Policing agency cost-benefit analyses, the obsession of traditional regulatory reformers, becomes less important if our elected representatives must affirm new agency rules before they are binding, because agencies would be inspired to ensure that their rules met a reasonable cost-benefit benchmark before sending them to a newly answerable Congress. In other words, congressional accountability would force agencies to compete with one another before congressional overseers in terms of lives they save (or some other regulatory benefit) rather than think within their own square.
As with the tax code, Congress must make the grand judgments about where regulatory benefits lie, and take responsibility for the regulatory priorities that emerge.
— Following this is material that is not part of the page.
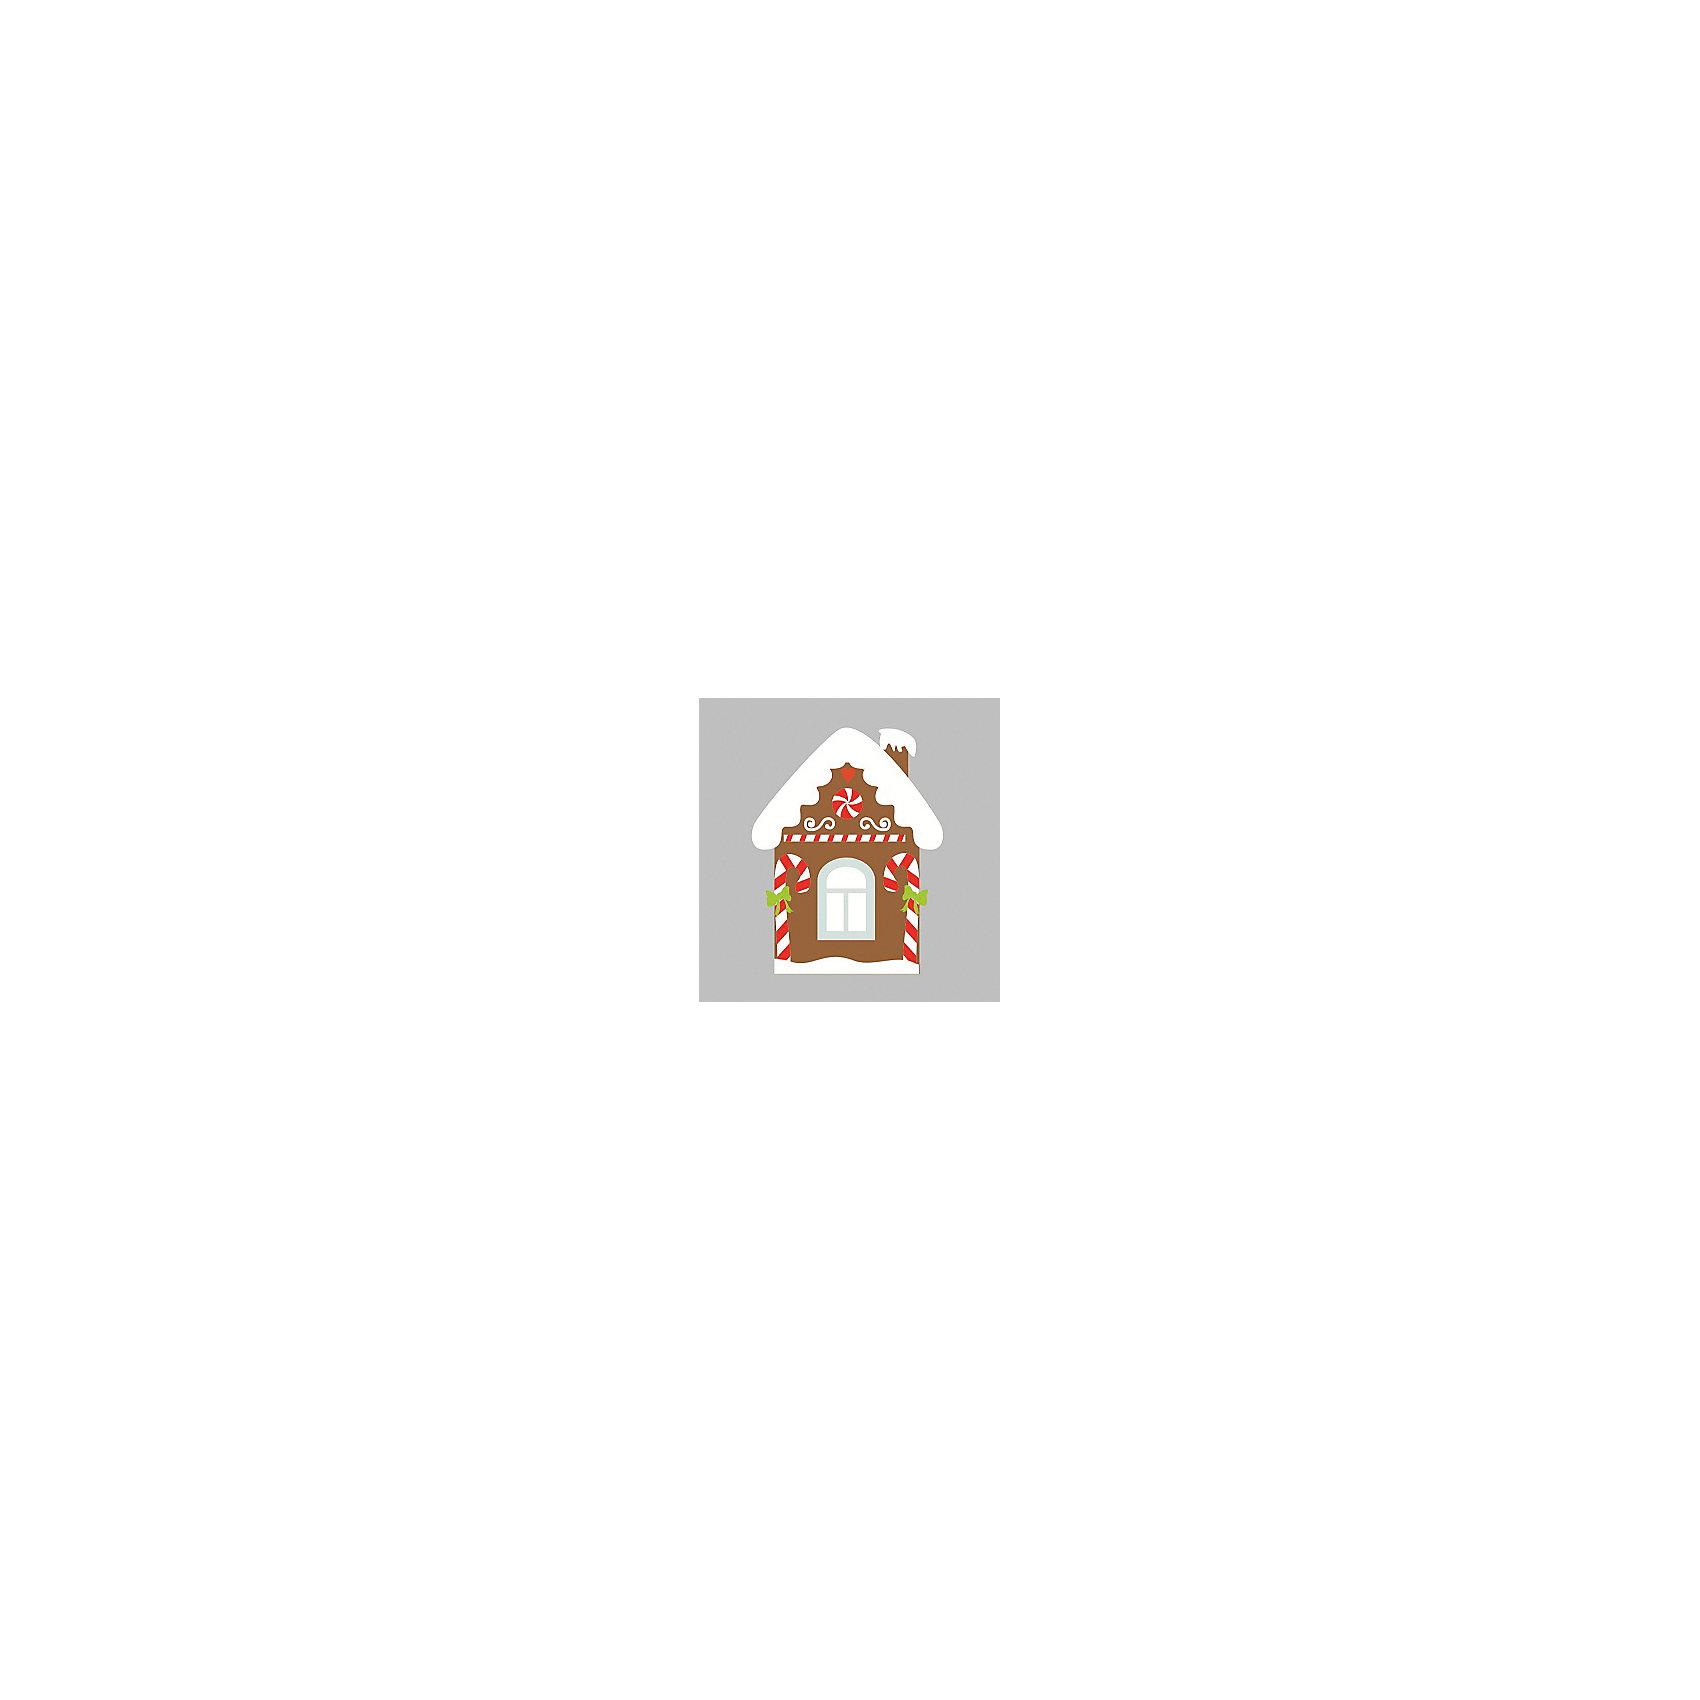 CENTRUM Набор для детского творчества Пряничный домик из фетра, высота 30 см набор для детского творчества набор веселая кондитерская 1 кг

Only Congress can properly compare questionable rules to the alternative benefits that could be gained if the costs went instead toward hiring policemen or firemen, or simply toward buying buckets of white paint to stripe the centers of dangerous rural blacktop roads.
If Congress then does a poor job ensuring net regulatory benefits, citizens have recourse at the ballot box. We will always lack that leverage with agencies, whose limited range of vision prevents their making the cross-agency comparisons necessary in setting government-wide priorities.
Ultimately, these dynamics would allow Congress to reapportion regulatory authority based on results achieved or unachieved, thus maximizing benefits far better than cost-benefit requirements imposed on agencies.
Reforms such as the Congressional Responsibility Act will help temper regulatory agency excess, because every elected representative will at last be on record as either in favor of or opposed to a particular regulation. With that, representative democracy will take a giant step toward “no regulation without representation.”